Collected data:
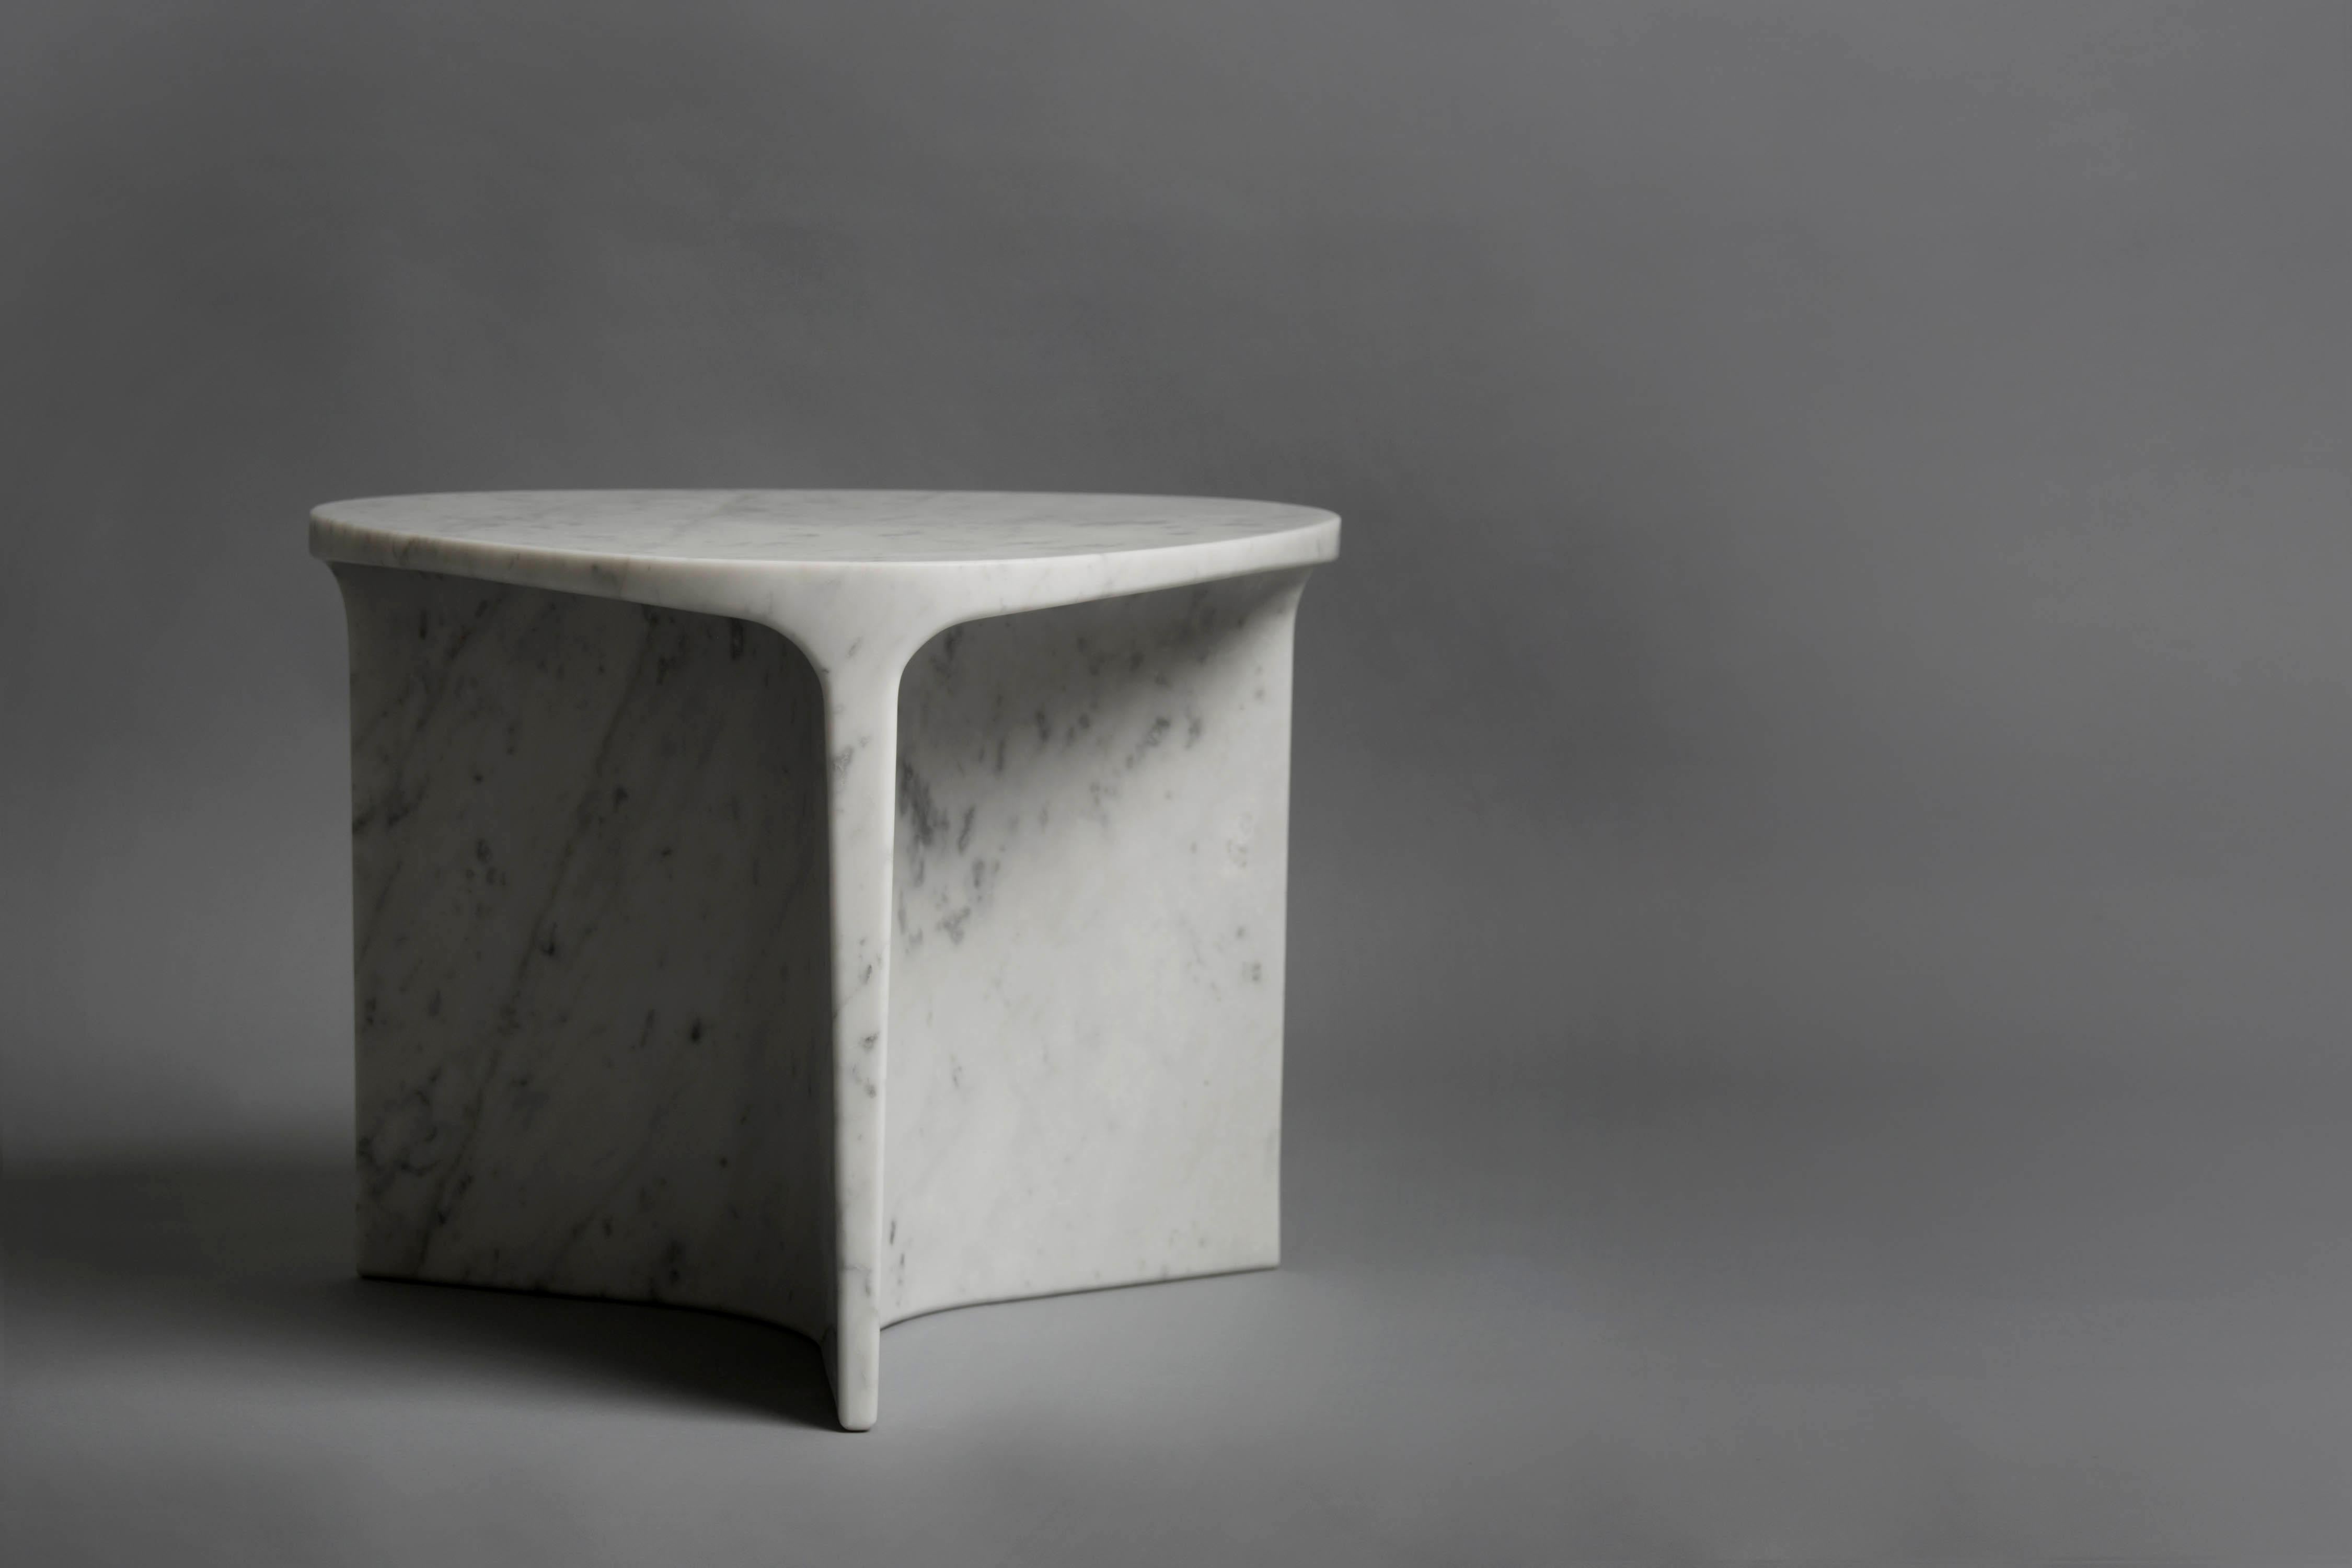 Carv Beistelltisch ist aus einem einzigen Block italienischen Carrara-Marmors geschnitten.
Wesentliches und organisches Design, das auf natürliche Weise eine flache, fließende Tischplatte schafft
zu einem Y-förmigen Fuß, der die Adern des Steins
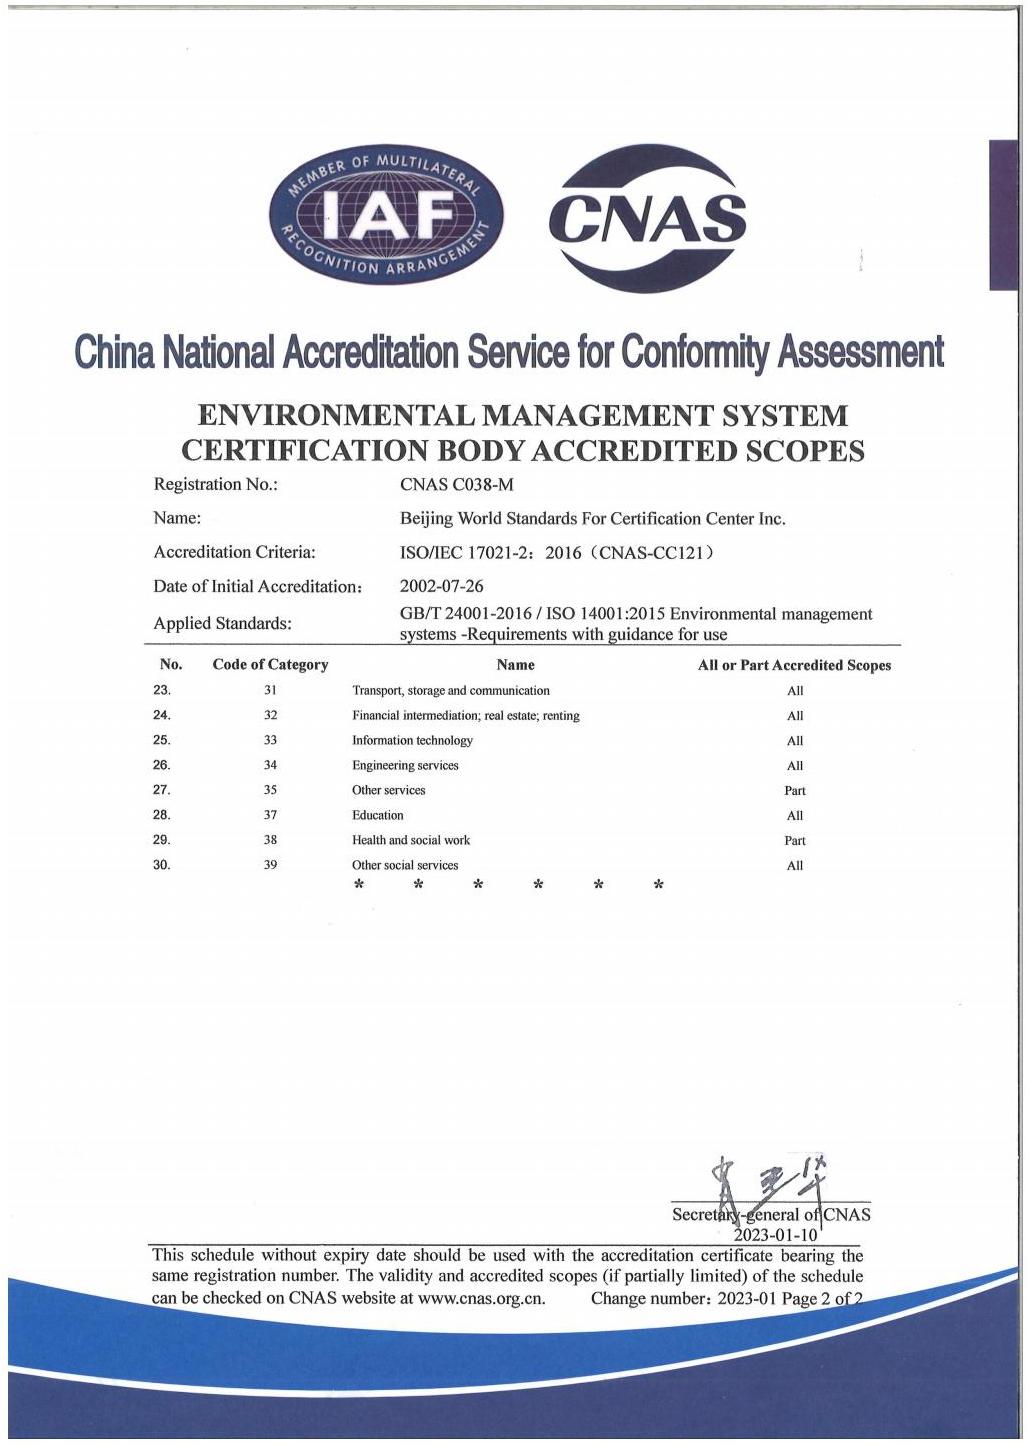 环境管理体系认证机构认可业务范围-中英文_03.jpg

Task brief: From the line containing "Wesentliches und organisches" down to the last line of the data, print every line exactly and nothing else. Pictures stay out of the copy.

Finished exercise:
Wesentliches und organisches Design, das auf natürliche Weise eine flache, fließende Tischplatte schafft
zu einem Y-förmigen Fuß, der die Adern des Steins
 环境管理体系认证机构认可业务范围-中英文_03.jpg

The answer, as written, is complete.